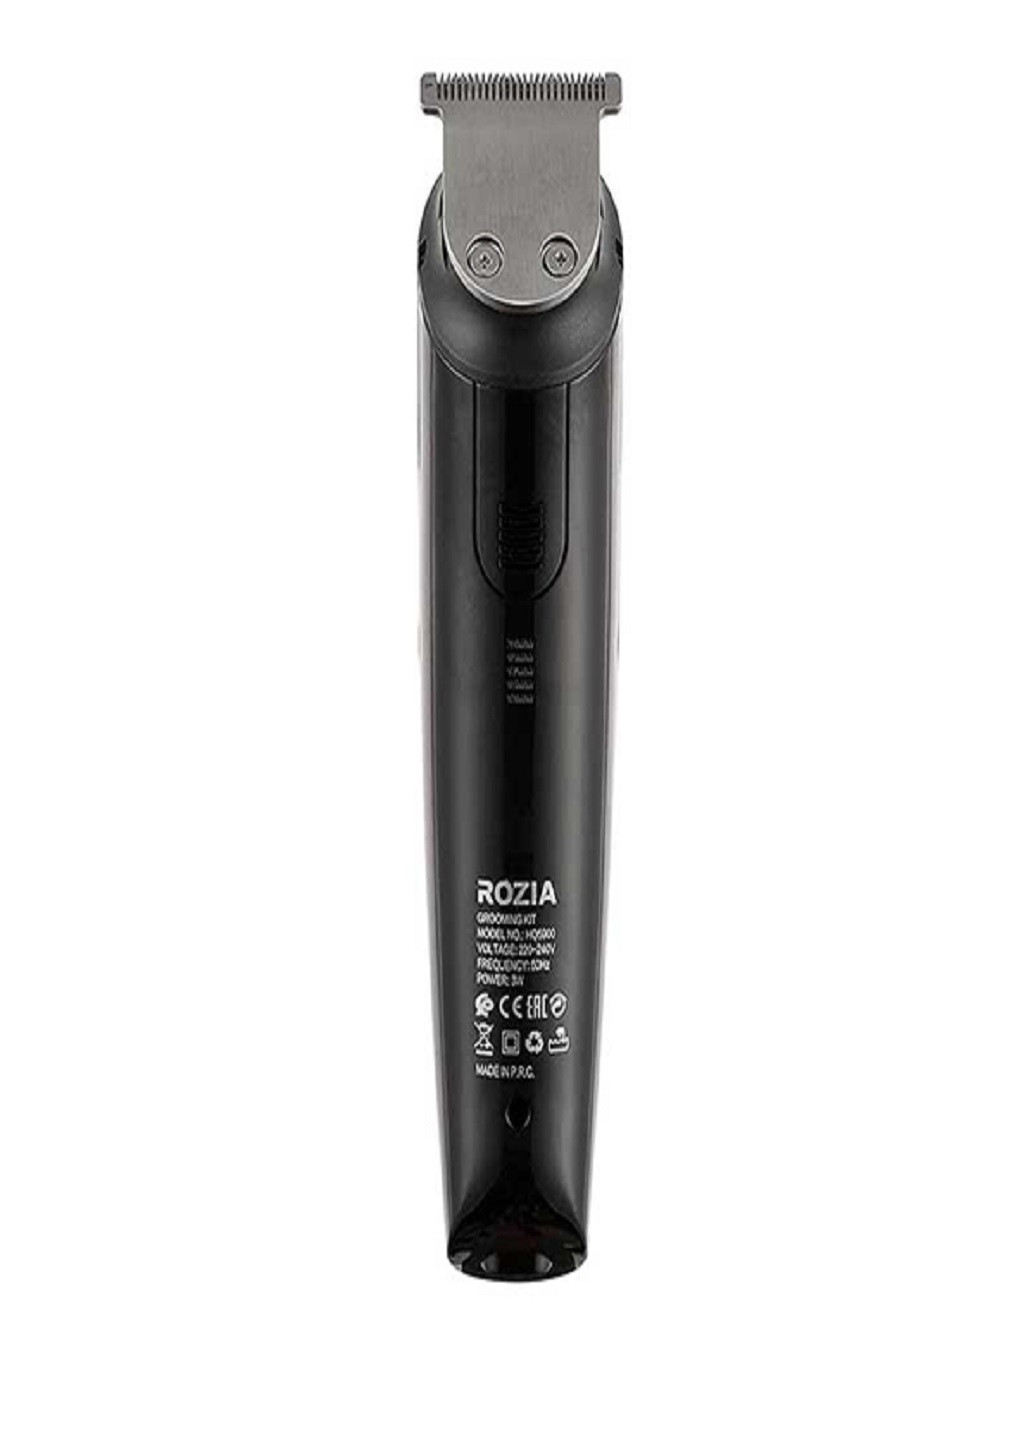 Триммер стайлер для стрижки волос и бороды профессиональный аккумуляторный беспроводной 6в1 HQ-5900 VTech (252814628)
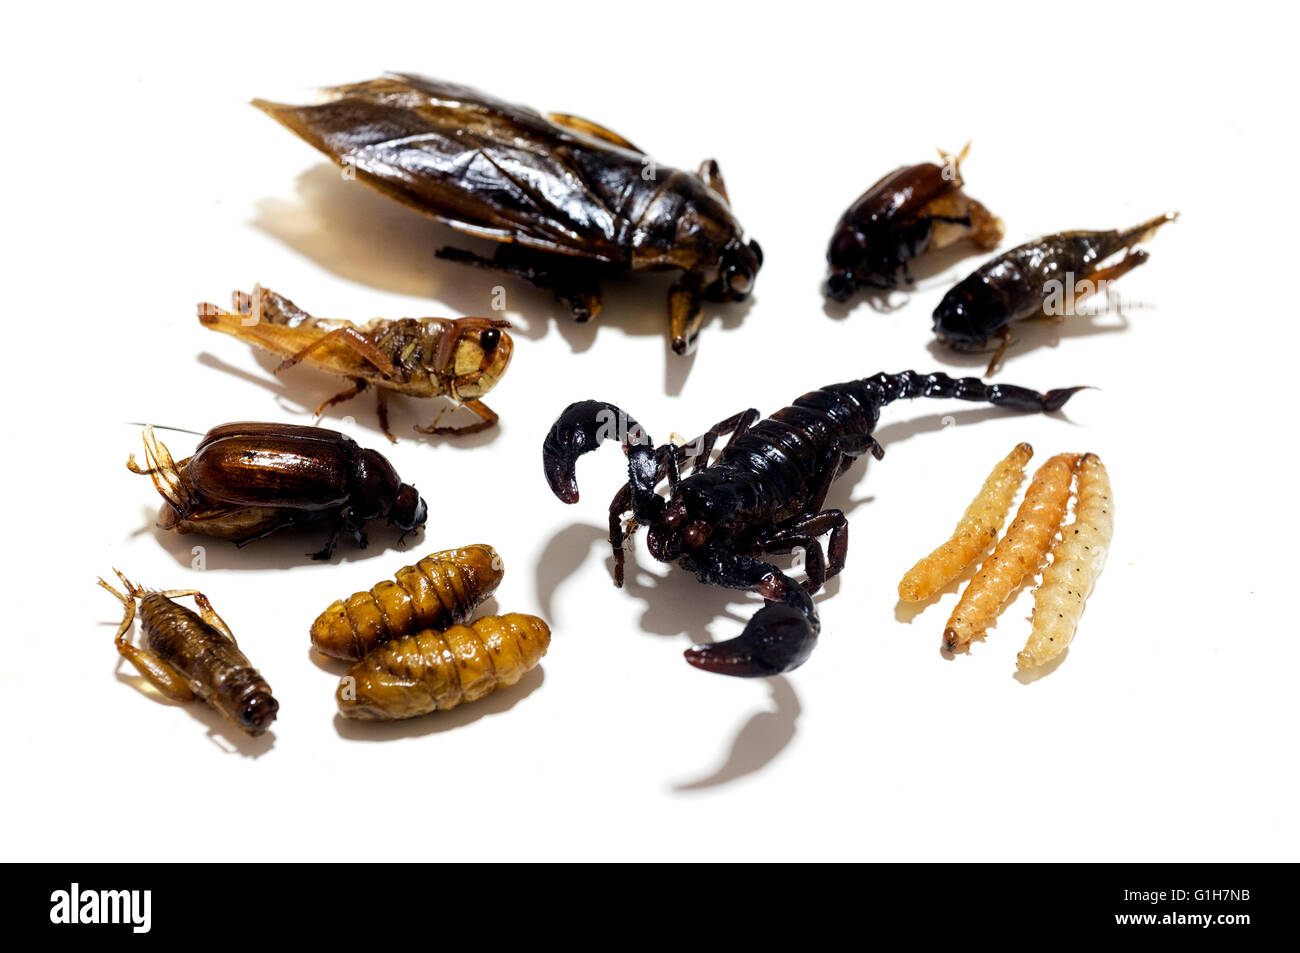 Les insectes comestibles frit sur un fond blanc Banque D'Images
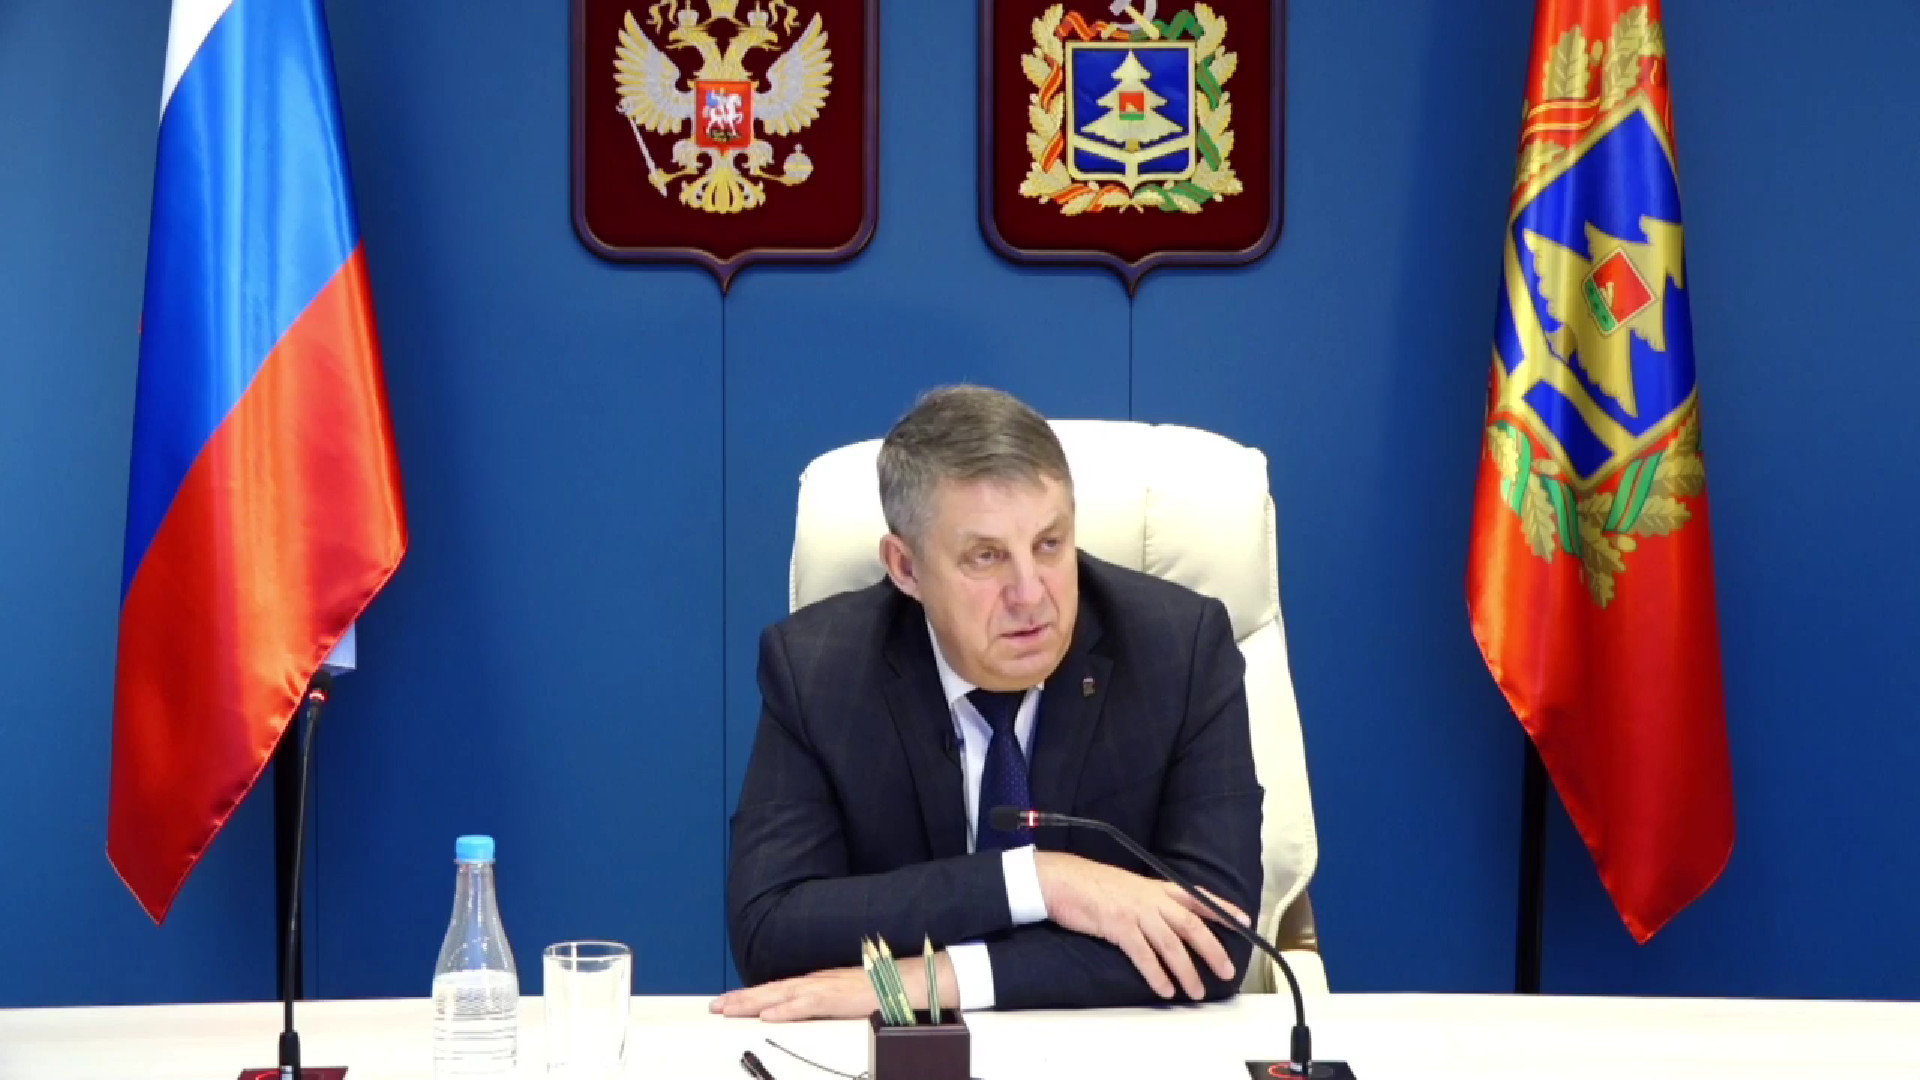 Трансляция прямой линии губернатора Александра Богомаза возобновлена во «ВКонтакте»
..............................
[Work task]
Retype the entire listing exactly as it appears, dropping only the pictures.

[Solution for this exercise]
 Триммер стайлер для стрижки волос и бороды профессиональный аккумуляторный беспроводной 6в1 HQ-5900 VTech (252814628)
 Les insectes comestibles frit sur un fond blanc Banque D'Images
 Трансляция прямой линии губернатора Александра Богомаза возобновлена во «ВКонтакте»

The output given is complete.